Director / Sr. Director, Quality Compliance

ABOUT US

We are seeking a Senior Director, Quality Compliance will lead and oversee the compliance function within the Quality organization, ensuring that all commercial operations-including manufacturing, supply chain, distribution, and post-market activities-adhere to applicable global regulatory requirements and internal standards. Your role will be responsible for building and sustaining a culture of quality, integrity, and compliance across the organization. You bring deep expertise in GxP regulations, a strong background in commercial biotech operations, and the ability to partner cross-functionally to drive operational excellence.

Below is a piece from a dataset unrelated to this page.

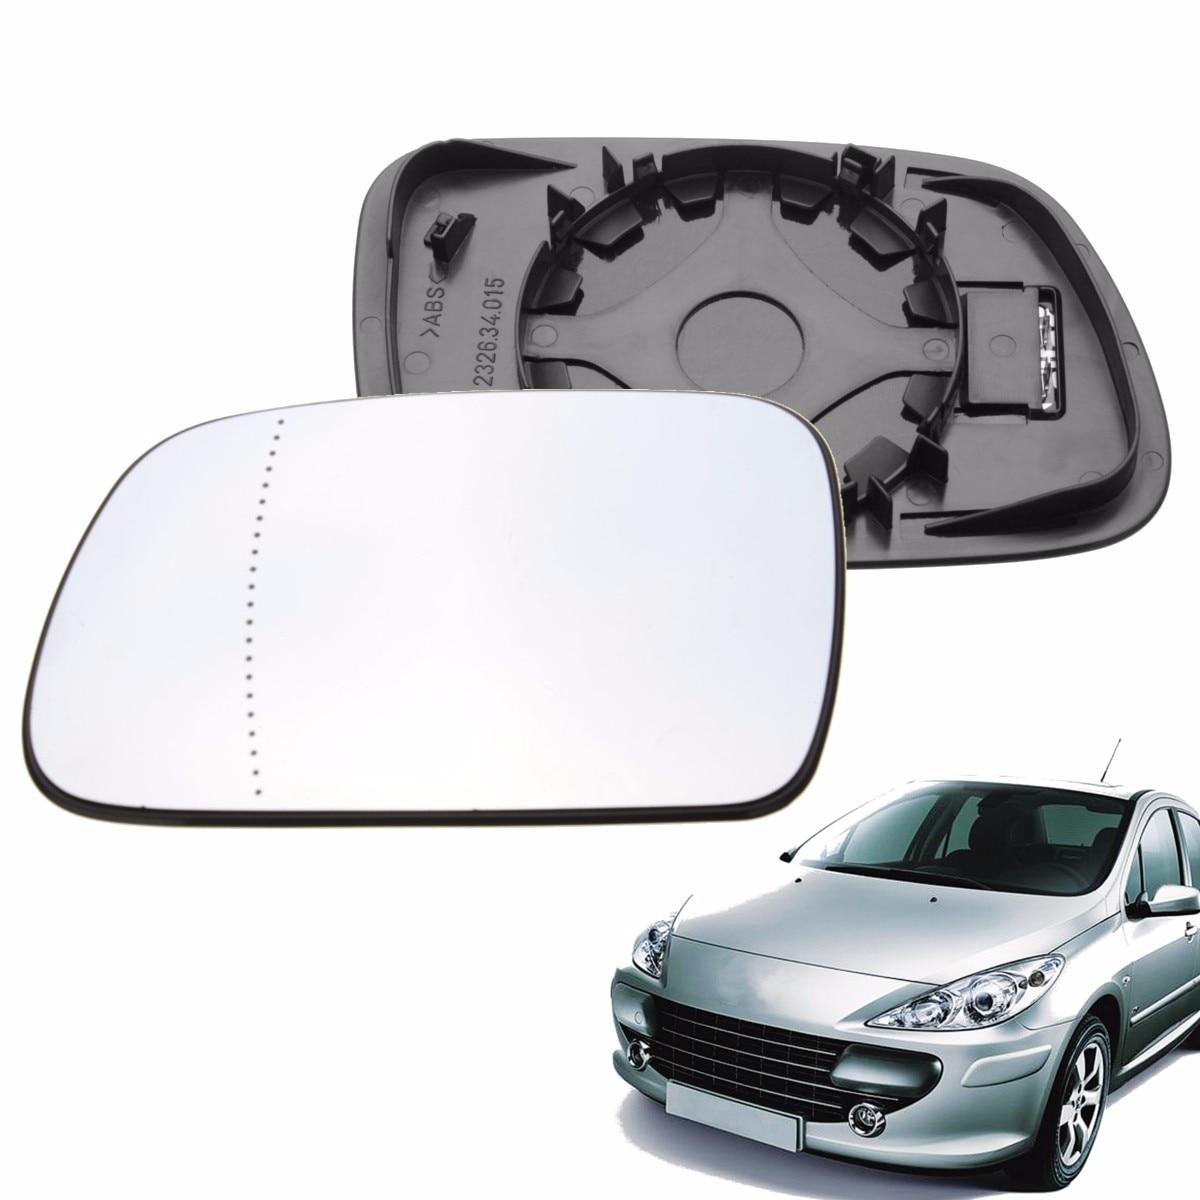 Ala izquierda del lado del pasajero de Vidrio Espejo Para Toyota C-hr 2016-On climatizada

This is a full-time hybrid position (3 days a week) in our Somerville - Assembly Row, Massachusetts office.

RESPONSIBILITIES

• Provide compliance support for all programs (commercial and clinical)
• Execute on critical compliance escalations, risks and events (Risk register, BPDR, recalls, complaints)
• Manage Audit program including self-inspection and R&D
• Third party qualification includes external audits, initial qualification and monitoring / requalification on periodic frequency.
• Foundational compliance for bbb including QMS oversight, document control, record retention and training
• Ensure inspection readiness at all times and support partner inspection readiness activities as needed.
• Provide strategic leadership for Quality Compliance across global commercial operations.
• Develop, implement, and maintain the company's quality compliance programs, policies, and procedures in alignment with FDA, EMA, ICH, and other applicable regulatory requirements.
• Serve as a key member of the Quality Leadership Team, influencing strategy, governance, and resource planning.

QUALIFICATIONS

• Bachelor's degree in life sciences, engineering, or related field required; advanced degree preferred.
• 12+ years of progressive experience in Quality and Compliance within the biopharmaceutical industry, with at least 5 years in a senior leadership role.
• Deep knowledge of GxP regulations (GMP, GDP, GLP, GCP) applicable to commercial biotech operations.
• Proven track record in leading regulatory inspections (FDA, EMA, MHRA, etc.) with successful outcomes.
• Experience building and scaling global quality compliance systems and programs.
• Strong collaboration and influencing skills across diverse functions and levels of the organization.
• Exceptional judgment, integrity, and ability to make risk-based decisions in a fast-paced environment.
• Excellent communication, leadership, and presentation skills.